Утром написала заявление на отпуск, но у Ляпиной сразу не подписала. А днем ошиблась в платежке. Ляпина вызвала меня к себе и занудно рассказывала, какая я невнимательная и как плохо, что за мной часто надо все проверять. А потом внезапно сказала: «Я же не хочу тебя увольнять, мы тебя все любим. Пожалуйста, попробуй быть повнимательнее». Встала, обогнула стол, подошла ко мне и провела рукой по моим волосам. Я чуть не заплакала там, так неожиданно это было. Стала сбивчиво объяснять, что все время болею, вот иногда и не могу сосредоточиться. В итоге все же разревелась. Ляпина смотрела на меня, и в ее глазах читалось, как же ей все осточертело. А мне вот чем дальше, тем больше хочется быть полезной. Обещала, что постараюсь все делать хорошо. Подсунула заявление. Ужасно не вовремя, конечно. Но Ляпина только вздохнула — отпустила.
055.
Такие прекрасные недели! Дача, река — просто чудесно. Паше, правда, дважды приходилось возвращаться в город, но оба раза он возвращался на такси в районе часа ночи. Я говорила — зачем, переночевал бы дома, наутро бы приехал. А он — нет, я не хочу спать без тебя. Хочется похвастаться таким мужем, но некому.
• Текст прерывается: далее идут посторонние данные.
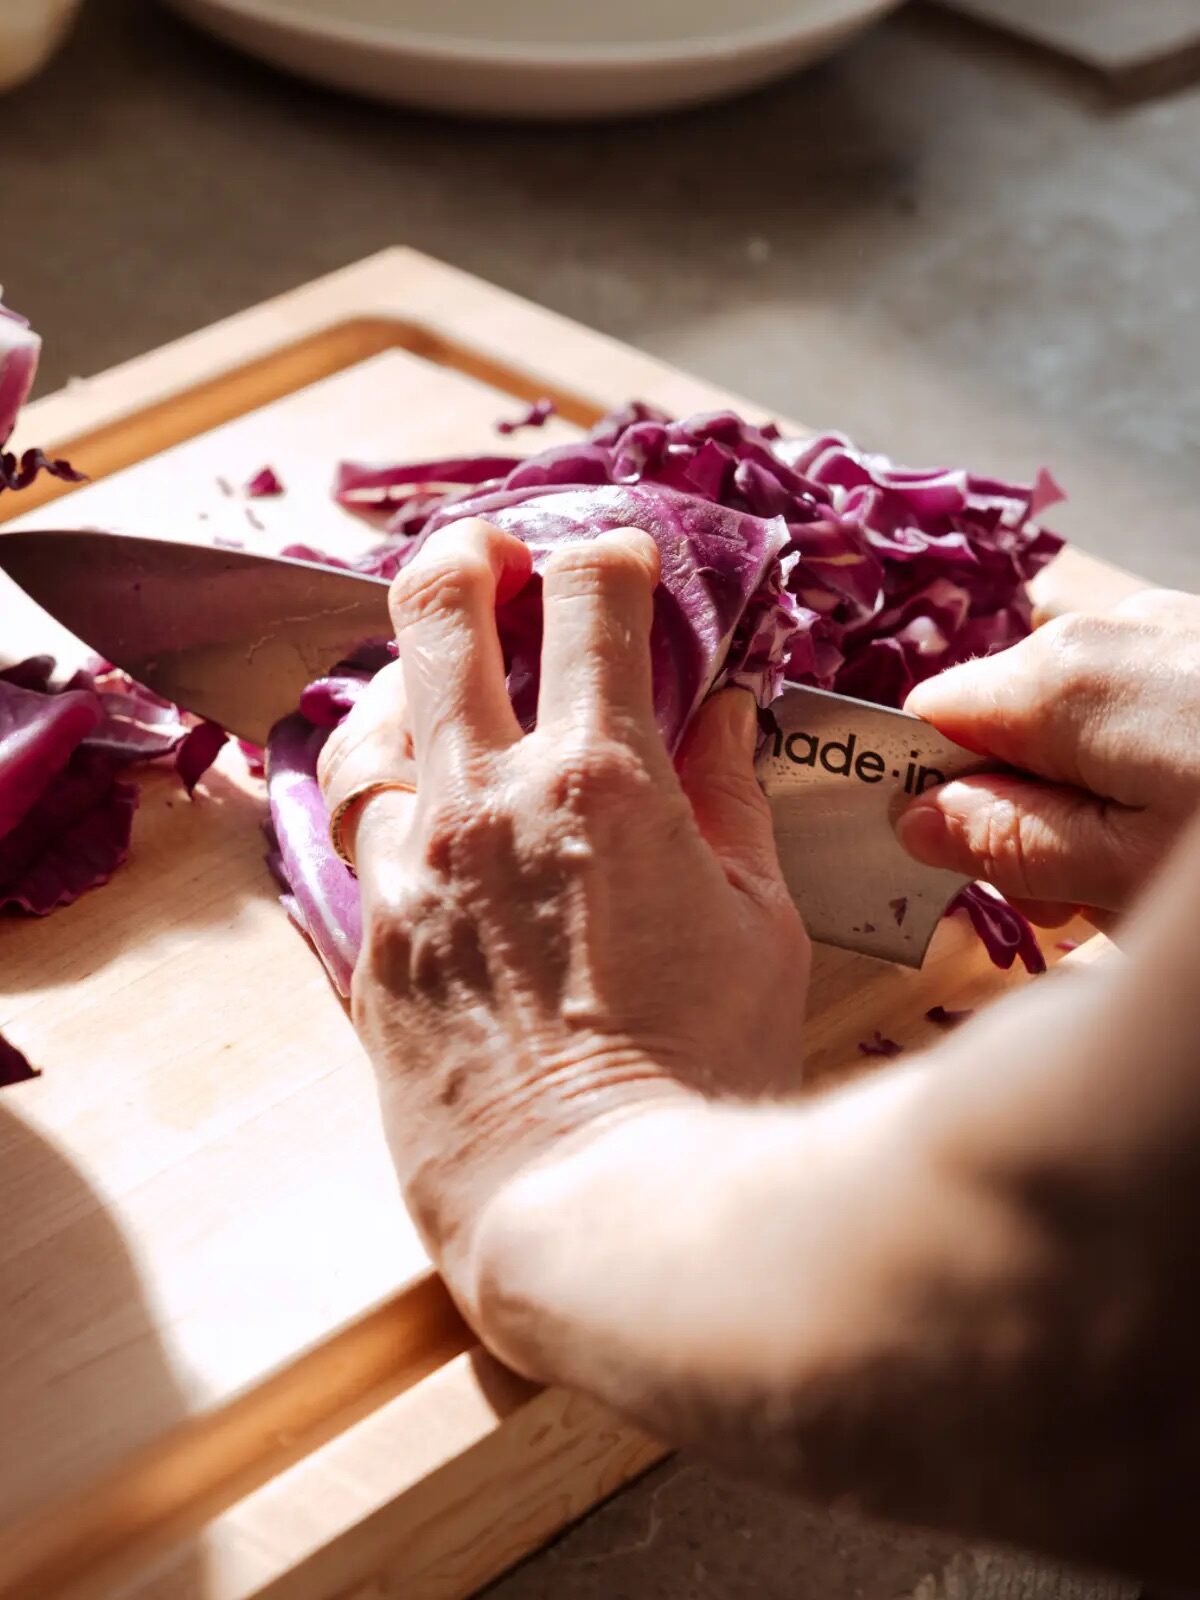 Hands slicing red cabbage on a wooden cutting board.
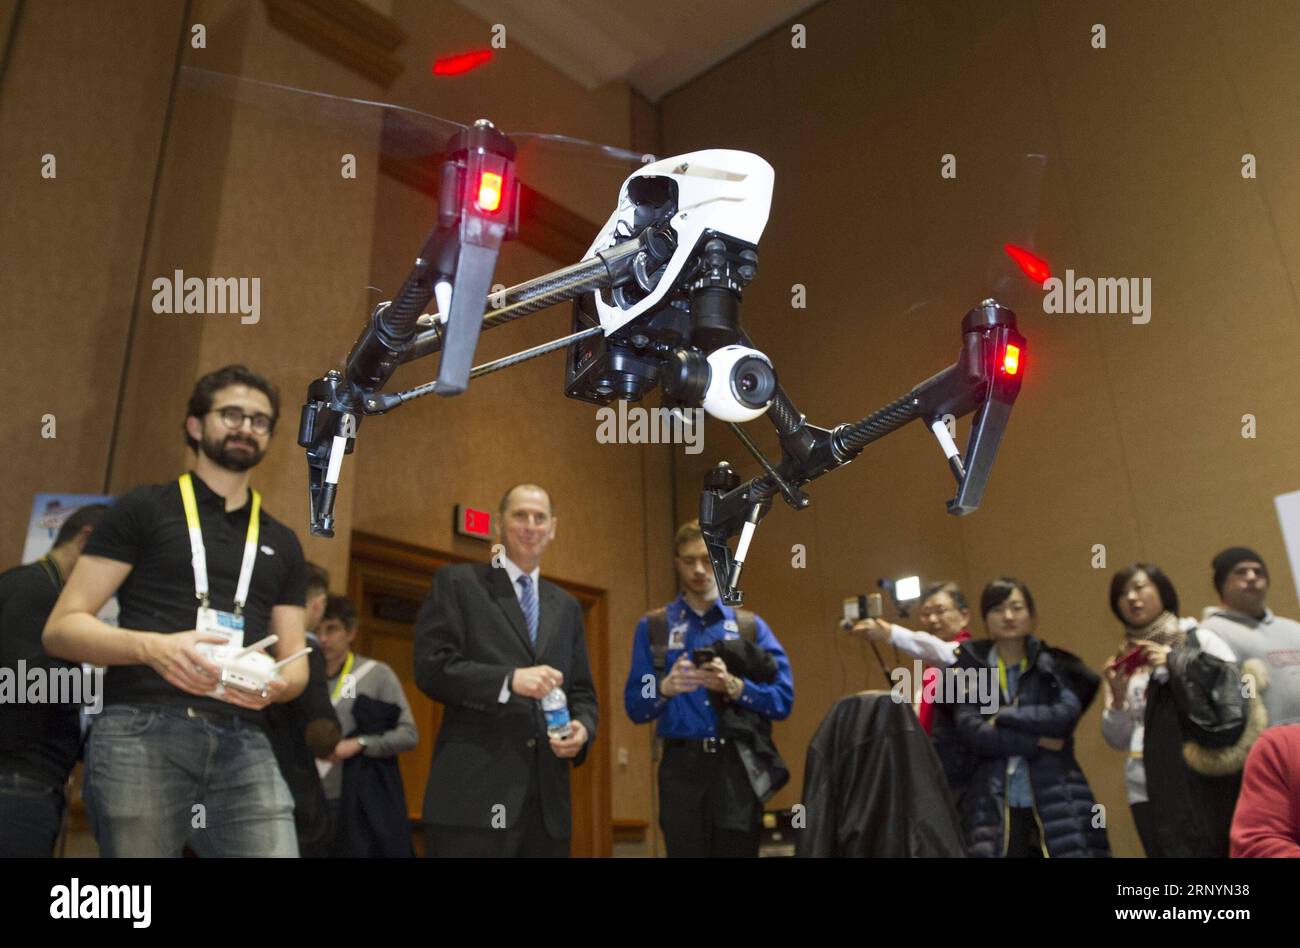 (180327) -- BEIJING, March 27, 2018 -- Representatives from Chinese DJI company show Inspire 1 quadcopter during the preview media show of The Consumer Electronics Show (CES) in Las Vegas, the United States, Jan. 4, 2015. A huge trade deficit with China is reportedly behind the U.S. administration s plan to slap tariffs on up to 60 billion U.S. dollars of Chinese imports and restrict Chinese investment. But data sometimes lies, and could shield the bigger picture. ) (djj) Xinhua Headlines: Truth behind China-U.S. trade imbalances YangxLei PUBLICATIONxNOTxINxCHN Stock Photo

А на даче, правда, замечательно. Сделала столько фотографий! Даже писать тут ничего не буду, через три года, через пять посмотрю фотки — и все сразу само вспомнится.
058.
Вчера наводила порядок на столе, взяла стопку разных бумажек, стала их разбирать — и нашла направление от Пирожковой. Вот блин! Так и не сходила. А сегодня пошла. Ну, кровь-то сдала, а Пирожкова сама в отпуске. Теперь до августа. Хорошо хоть, что медсестра обещала вложить анализ в мою карту. Кстати, еще о здоровье — странные синяки у меня на теле. Точно не из-за Павлика, те места, где синяки, у нас никак не задействованы. Хотя Павлик знает свое дело, это факт…
059.
Внезапно поднялась тема детей. На меня устроили облаву — мама и Паша. Стали спрашивать, что я об «этом» думаю и когда они могут «рассчитывать». Странно! Как будто Паша тут ни при чем. Очень, очень меня разозлили. «Решайся уже», — кто-то из них сказал, а кто — не помню. Почему я должна все решать? Я девочка. Я ничего не хочу решать. Я хочу в Берлин.
060.
С прошлой поездки у меня осталось совсем немного фотографий. Только что в очередной раз посмотрела их. Это волшебный город. Его красота неописуема, а его атмосфера неуловима. Пока ты там, то летишь и просто упиваешься счастьем, а когда уезжаешь, то ощущаешь себя кучей игральных карт, которая только что была красивым домиком. Надо обязательно на этой же неделе сходить в турагентство. Павлик обещал исполнить любой мой каприз — вот тут я его и поймаю на слове. Пусть дает деньги и отпускает меня.
062.
Я почему-то проснулась очень рано, еще шести нет. Настроение — отличное! Я даже вытащила ноутбук на кухню, чтобы сразу написать об этом. А то вдруг к вечеру забуду! Сейчас сварю кофе и, наверное, пойду пешком на работу, уж больно хорошее утро, надо размяться.
064.
Сижу на работе, сижу, никого не трогаю, вдруг орет мой мобильный. Никто не должен звонить. Я перепугалась, беру трубку. А это Пирожкова. Оказывается, она вышла из отпуска, почему-то вспомнила обо мне, посмотрела мою карту и нашла там анализ. И вот вызывает к себе. Я спрашиваю — когда? Она — завтра в 7:45 утра, у меня с восьми прием, уже все занято-расписано, но ради тебя приду пораньше. Я спрашиваю — а откуда у вас мой номер, на карте-то сотовый вряд ли записан? Она чуть не матом — да уж пришлось проявить смекалку и полезть в интернет, я же хорошая девочка (так и сказала) и помню, что ты просила не сообщать ничего твоей матери и мужу, вот и не стала звонить домой. Стыдно, стыдно ужасно.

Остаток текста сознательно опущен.